Rénovation totale pour le grand orgue de Notre-Dame de Paris
Par Laurent Borde
Plus d’un an après l’incendie de la cathédrale Notre-Dame de Paris, le grand orgue a été déposé le 9 décembre avec deux mois d’avance sur le calendrier. Une opération complexe pour l’instrument qui n’a pas été touché par les flammes mais qui doit tout de même être nettoyé.
Le grand orgue de la cathédrale Notre-Dame, composé de 8 000 tuyaux répartis en 115 jeux, vient d’être déposé afin d’être nettoyé et rénové, pour ôter notamment la poussière de plomb qui s’est déposée lors de l’incendie du 15 avril 2019. Une opération délicate pour l’instrument. Christian Lutz, organologue, technicien-conseil auprès des monuments historiques, mandaté par l’établissement public pour réaliser la maîtrise d’œuvre du chantier de dépose du grand orgue explique que "l’instrument est fragile. Les tuyaux de métal sont faits d’un alliage de plomb et d’étain. C’est un métal qui est assez mou donc à chaque choc, il peut y avoir une bosse, il peut y avoir une déformation. Ca demande une extrême prudence. Il faut y aller avec les plus grands soins comme si c’étaient des pièces de musée. En même temps, c’est un instrument qui a été fait par les meilleurs facteurs d’orgue de l’époque. On peut donc estimer que la tuyauterie est d’une très grande qualité. Ce n’est pas une fragilité comme dans d’autres instruments de facture moindre."
De son côté, Mario D’Amico, Facteur d’orgue au sein de l’atelier Quoirin et chef du chantier de dépose du grand orgue, précise qu'il a fallu s’adapter à l’instrument édifié en 1733 : "si on stocke les tuyaux de manière horizontale, ils vont se déformer. On va perdre l’harmonique. C’est pour ça que tout est stocké à la verticale. On a construit presque 300 caisses, remplies de bulles et de matériaux amortisseurs, pour emballer tous les tuyaux."
La restauration, qui va débuter en 2021, risque d’être longue selon Christian Lutz puisque "les tuyaux, qui sont pour l’instant entreposés dans des containers, vont être transportés dans l’atelier ou les ateliers des facteurs d’orgues qui seront retenus à l’issue d’un appel d’offre. Ca consistera essentiellement à décontaminer toutes les pièces qui ont été empoussiérées. Il faudra aussi restaurer certains éléments qui ont été abîmés, peut-être déjà avant l’incendie, notamment les sommiers qui sont ces pièces de bois sur lesquels reposent les tuyaux, ainsi que les soufflets. Certaines parties non décontaminables devront être remplacées, par exemple la peau de mouton qui sert en fait de joint d’étanchéité. Il faudrait la laver à grande eau mais dans ce cas, elle se déforme complètement. Ce n'est donc pas possible. Toutes les peaux devront être remplacées."

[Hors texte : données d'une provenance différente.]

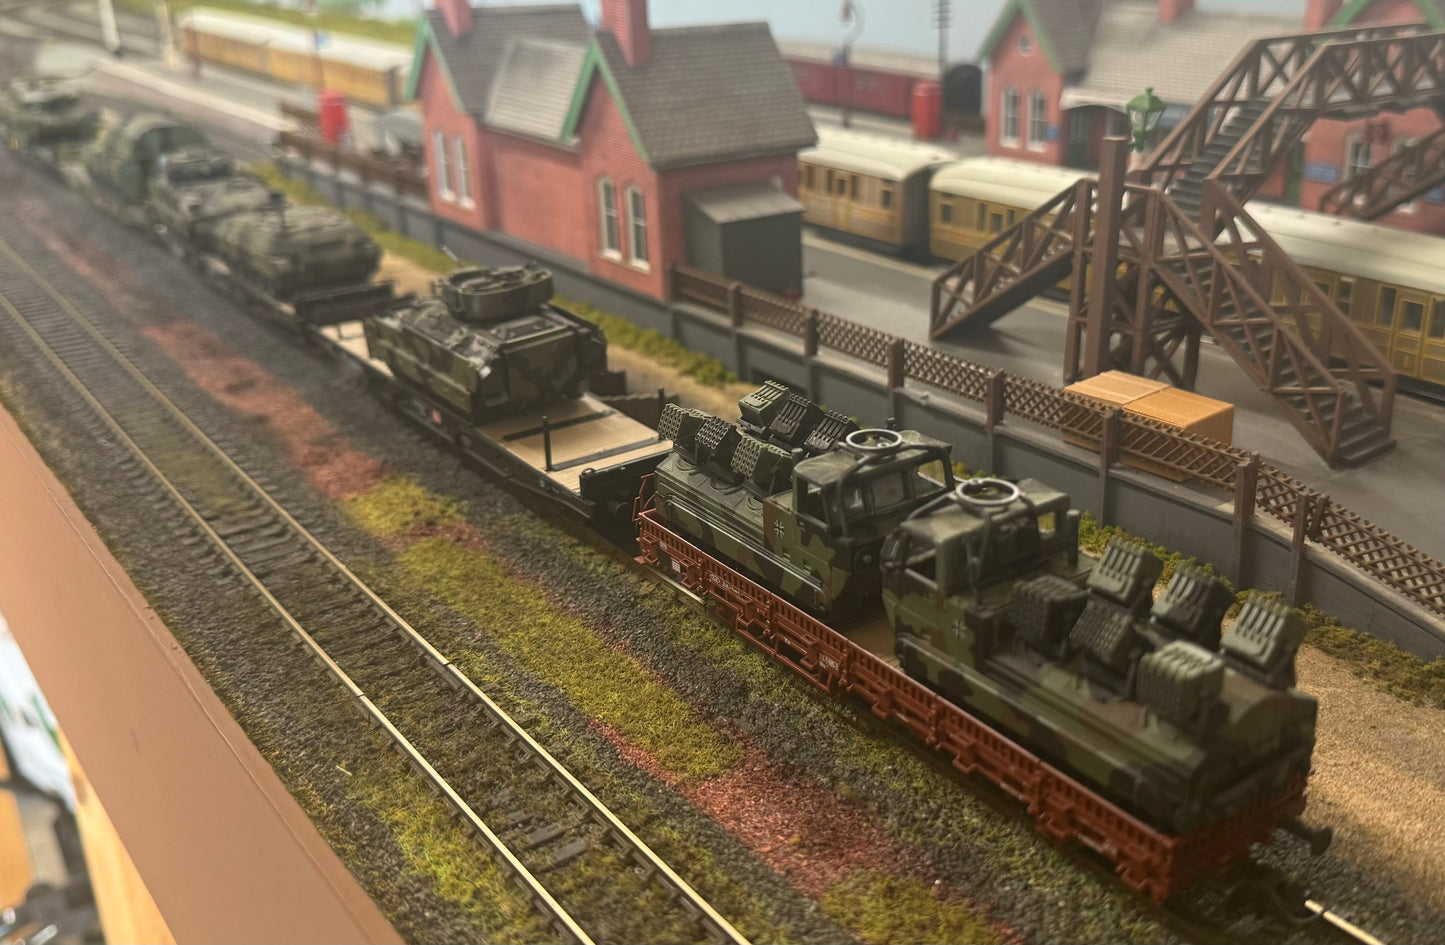 Roco (HO) German Army Train Bundle

Pour Mario D’Amico, l’opération est également délicate : "la restauration d’un orgue de cette taille va prendre probablement deux ans de travail. C'est l'orgue le plus grand de France. Après, l’installation à la cathédrale et l’harmonie peuvent prendre huit mois à un an. C’est un système hyper complexe pour tout remettre à sa place et qu’il soit bien réglé. Ca peut prendre des mois et des mois de travail. "
Le grand orgue de Notre Dame est, pour le moment, déposé dans un entrepôt dont le lieu est tenu secret afin de ne pas attiser les convoitises de toutes sortes. Sa restauration devrait durer jusqu’en 2024, conformément aux souhaits d’Emmanuel Macron énoncés lors de son allocution télévisée, au lendemain de du sinistre qui a ravagé la cathédrale. Si tous les délais sont respectés, le grand orgue de Notre-Dame devrait résonner à nouveau au sein de la cathédrale le 16 avril 2024, soit cinq ans jour pour jour après l’incendie.